Don Emilio está muerto.
Como vino se fue, y tras él los muchachos olvidando la cerveza, los Andrade olvidando la clientela y el forastero pretendiendo el olvido de pagar su cuenta.
Únicamente Don José quedó bebiendo su vino, inmutable, inalterable ante el suceso. La muerte, disfrazada con el más piadoso de los trajes, había visitado a Don Emilio, cumpliendo con el ultimo deseo, temprano por la tarde mientras hacia su rigurosa siesta.
Siempre se le había oído decir que sólo podría hacerse amigo de la muerte si esta le daba el gusto de sorpréndelo dormido.
Todo el pueblo se congregó en la casa del difunto para despedir los restos, que entrado el próximo amanecer descansarían en el mismo suelo que le viera envejecer.

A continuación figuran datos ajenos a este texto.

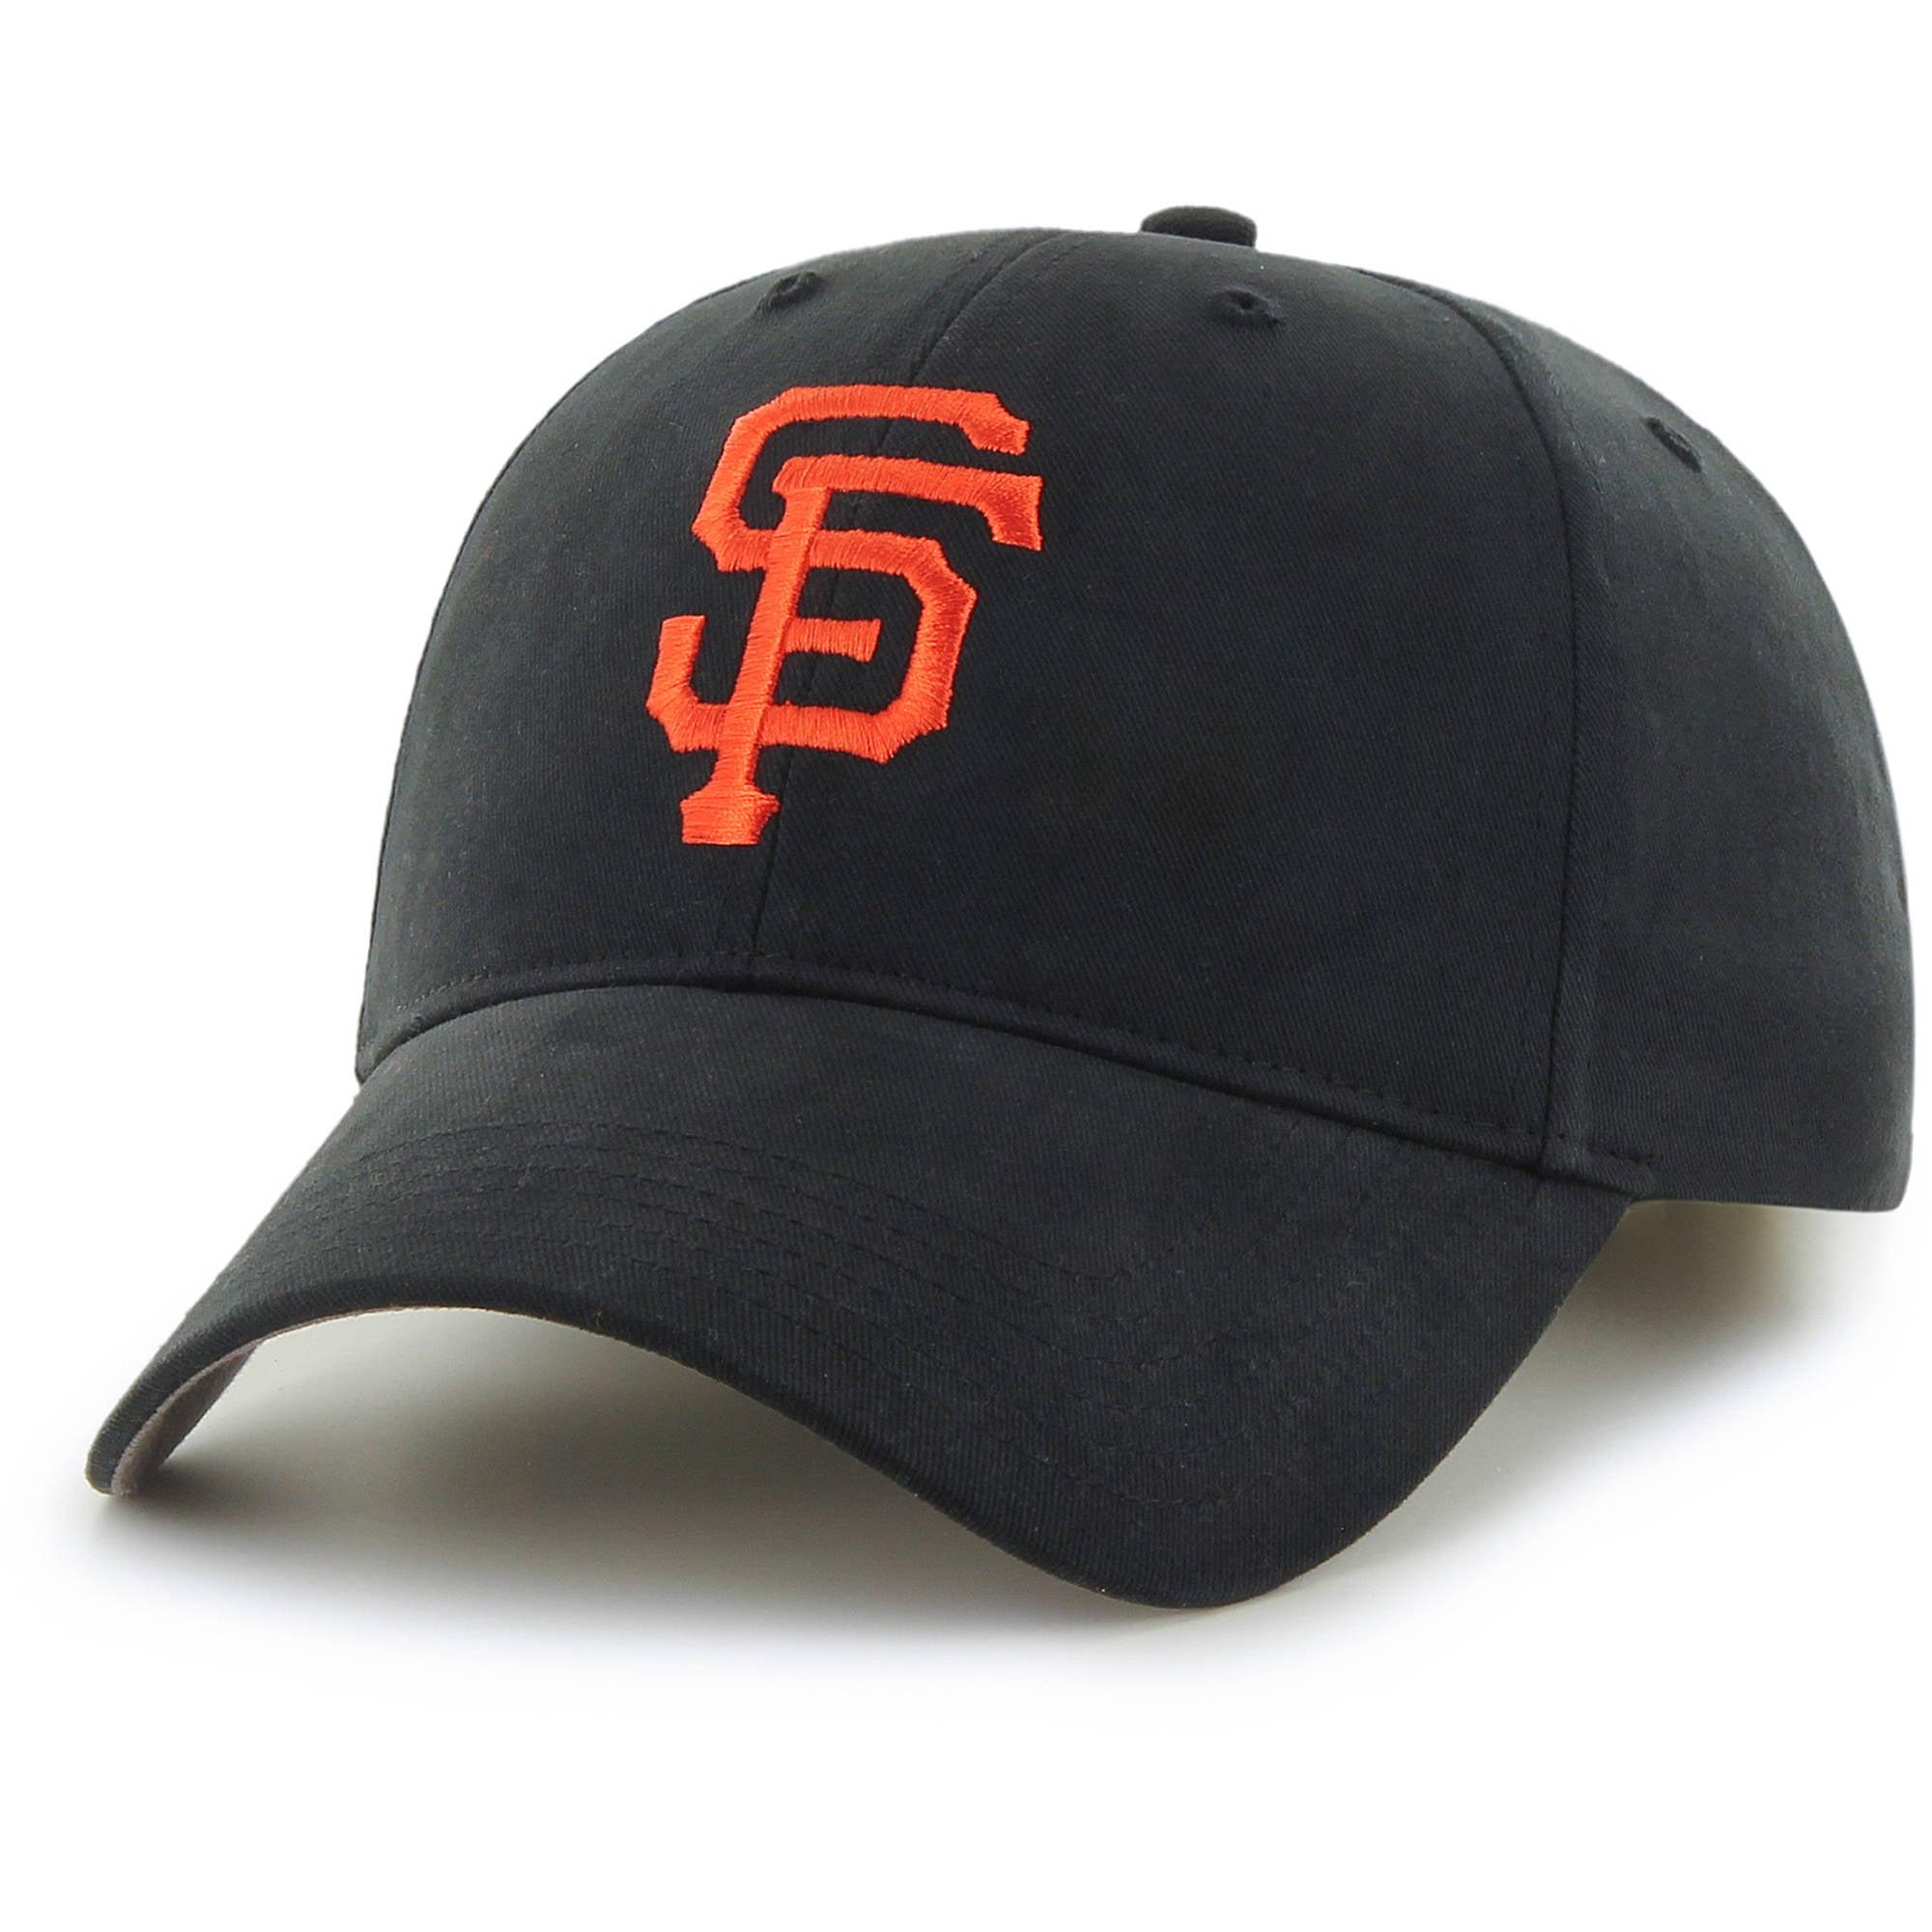 MLB San Francisco Giants Basic Cap / Hat by Fan Favorite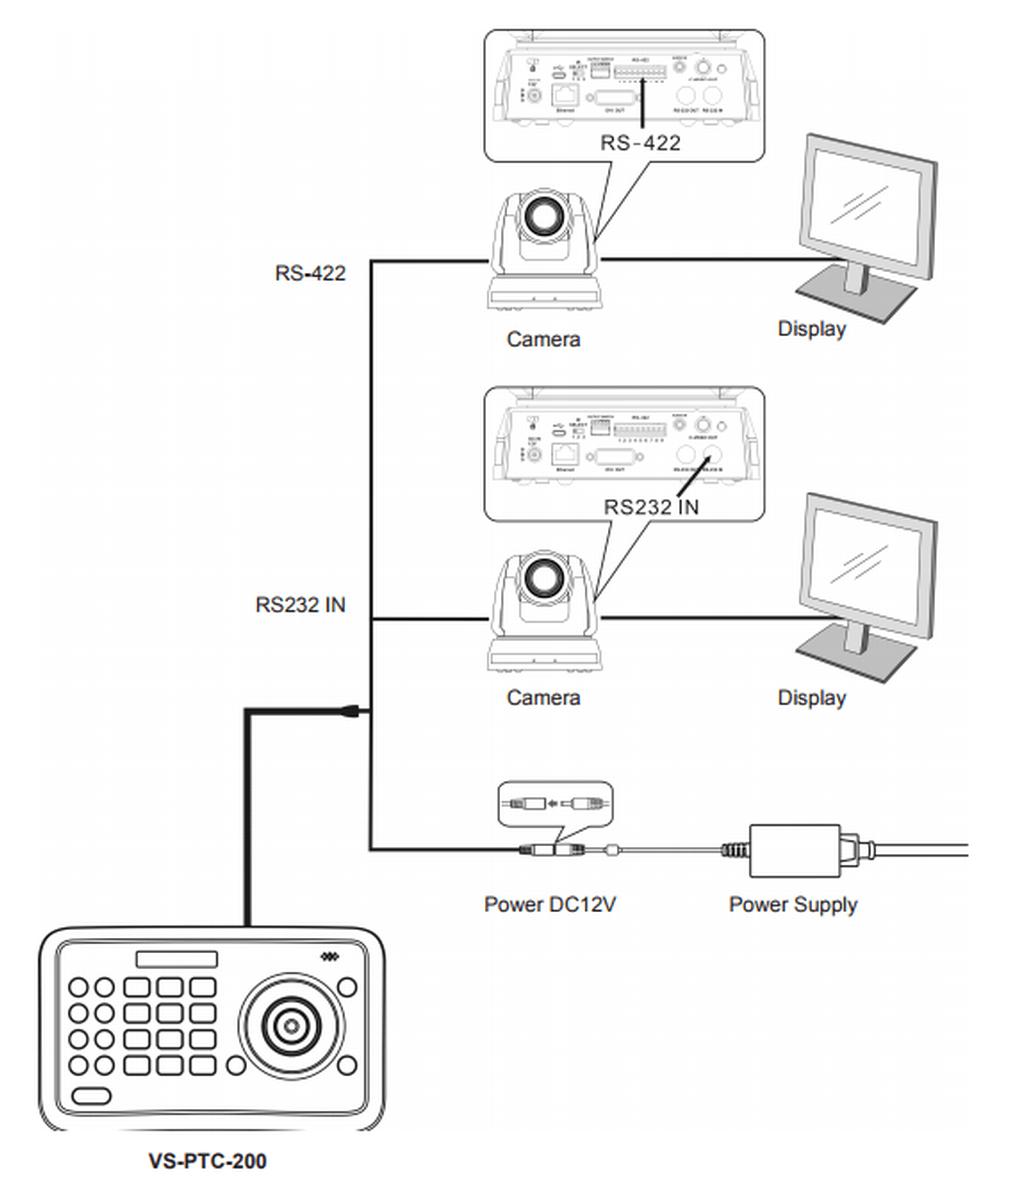 Marshall VS-PTC-200 Compact PTZ Joystick Controller, 4D

Todo el pueblo, a excepción de Don José; tal ausencia no asombró a nadie, era de esperarse tras una vida debatiéndose a duelo.
Cerrada la madrugada se fueron vaciando las habitaciones. Al disimulo, uno tras otro, los dolientes se retiraron a sus casas, y ya cuando la misma luna se marchaba, el cuerpo de Don Emilio sufrió el frió más intenso que podía recibir en esta tierra, el de la soledad más solitaria.
Cuando el alba despuntó definitivamente, un puñado de pueblerinos se arrimó a ofrecer los últimos minutos de compañía al fallecido.
La sala, encerraba por si mismo el misterio tangible de la muerte.
Las flores, como adivinando la ocasión, despedían la típica aroma pesado y sofocante de los cementerios y allí, junto al largo féretro de Don Emilio, una humilde sillita de madera, contenía a medias el cuerpo de Don José, empequeñecido por el infortunio de haber muerto, gozando de tan buena salud, a los 87 años, de un repentino ataque de tristura.